Monday, December 15, 2008

Disproportionate force

While I was performing my own news dump last Friday, the government was up to some of its own, releasing a bipartisan report on detainee abuses and torture policies at Abu Ghraib and Guantanamo Bay. And boy howdy, it sure doesn't pull any punches. Researched and compiled by the Senate Armed Forces Committee (including John McCain) and released without a single dissent, the report makes clear that "top officials" in the Bush White House were responsible for the reprehensible techniques used on prisoners in U.S. custody abroad.
"Senior officials in the United States government solicited information on how to use aggressive techniques, redefined the law to create the appearance of their legality, and authorized their use against detainees," said the report's 19-page unclassified executive summary. "Those efforts damaged our ability to collect accurate intelligence that could save lives, strengthened the hand of our enemies, and compromised our moral authority."

...

The Senate report traces the abuses to a Feb. 7, 2002, Bush memo that declared that international law on the treatment of war prisoners embodied in the 1949 Geneva Convention didn't apply to al Qaida or to the Taliban. (emphasis mine)
The report goes on to name Donald Rumsfeld, Condoleezza Rice, and Air Force Gen.

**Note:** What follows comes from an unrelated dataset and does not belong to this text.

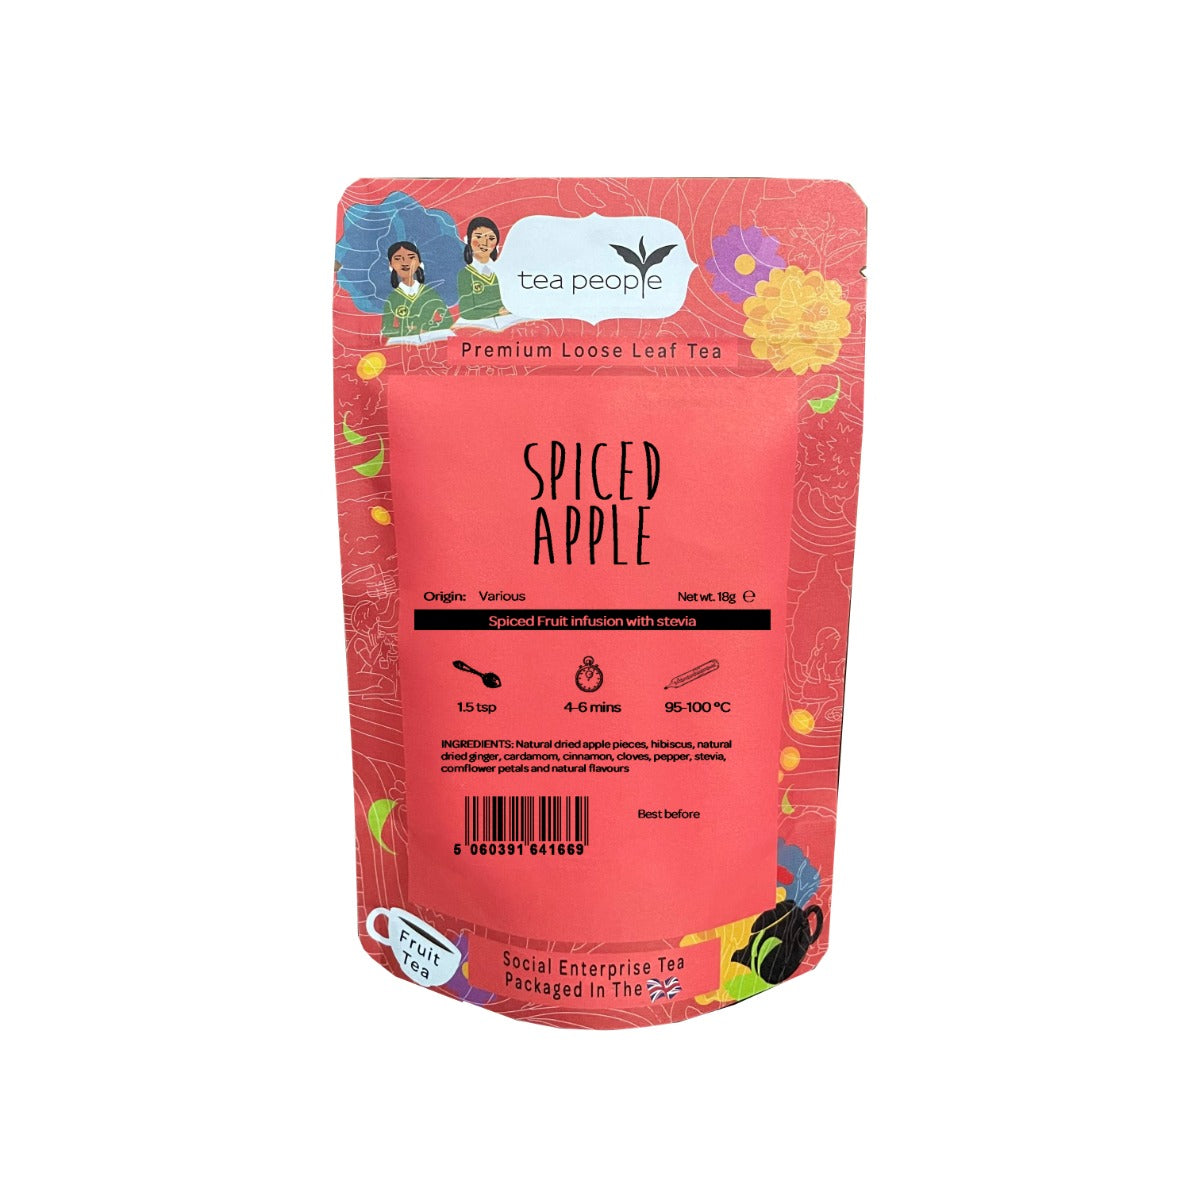 Spiced Apple - Loose Fruit Tea - Loose Tea Taster Pack

Richard Myers (the former chairman of the Joint Chiefs of Staff) - but this indication that the torture policies originated in a memo signed by President Bush himself is really the icing on this shit cake.

Some may call the report too little, too late, but I'm firmly of the opinion that so long as justice is done, it's never too late. What remains, now, is seeing that justice is done, which means holding the incoming Obama administration and justice officials accountable for making that happen. We've got the research, the evidence, and the official report that states, in no uncertain terms, that officials right up to the president were responsible for a massive breach of trust and violation of international laws. They must be held responsible and punished accordingly. Whether that means jail time or a lifetime of community service is up to judges, but something should be done.

Not only were their actions and policies morally reprehensible, but so too were the effects that such policies had on the United States' reputation abroad. I was glad to see that the report addressed this very problem: "Those efforts damaged our ability to collect accurate intelligence that could save lives, strengthened the hand of our enemies, and compromised our moral authority."

Much of what the report has to say is what many people have suspected all along, but it's good to see it laid out in a solid, official medium. Now it's time to follow up. One of the many methods we need to employ to regain our stature and respect in the international community is to show a willingness to bring the bad actors in our ranks to justice. Instead of shrugging our shoulders and letting it all be bygones, we need to demonstrate our understanding of just how heinous these actions were, and that we are working to make sure it never happens again.

It should have been easily avoidable. The torture and harsh interrogation methods condemned in the report were "based, in part, on Chinese Communist techniques used during the Korean War to elicit false confessions from captured American prisoners and adapted for use against U.S. detainees." How is it that that didn't raise any red flags (no pun intended)?

Andrew Sullivan has several good posts about this topic, in which he also questions those people who defended the techniques and charts the "intellectual collapse" of the American conservative movement as it related to that defense. He goes on to say:
When conservatism abandoned core values of American decency in favor of pure force, exemplified by torture techniques designed by Communists and Nazis, then it ceased to be conservative in the sense that Burke or Hayek or Oakeshott or Kirk would begin to understand. And watching the intellectual dishonesty of the right on this issue in the last few years has been a watershed for me. It has been, in my judgment, one long, awful surrender of truth to power.
And that's the crux of it: one long, awful surrender of truth to power. Something we, as Americans, were supposed to have long ago learned to be ever vigilant about preventing. Yet here we are. Fear and power prove themselves potent forces, once again.

This issue will likely (unfortunately) pop up time and time again, but I strongly suspect that a good way to prepare ourselves and deal with it more effectively in the future is to actually hold those responsible accountable, really accountable, instead of allowing their abuses to recede into the history books.

We also need to be better about demanding more immediate answers and explanations from our elected officials as these things happen, so that they're not allowed to go on as long as these policies did. We must not take their clever, 15-second soundbites at face value, but instead dig deeper until we get to the core of things. We must find a balance between expecting the best from our politicians and officers, and remaining rightfully skeptical of the official accounting of events.

Then maybe we stand a chance of attaining some real measure of equality and justice in this country, even if it is 232+ years better late than never.

EDIT TO ADD: Reliably so, Wisco over at the Griper Blade has an interesting take on the report. He's a little more cynical than me, but I can't says as I blames him.

1 comment:

Unknown said...

But how on earth are we going to hold those responsible accountable when there doesn't seem to be the political will to do it?

What a relief to hear someone else demanding accountability. Sometimes I feel like I'm shouting in an empty room. The silence is deafening.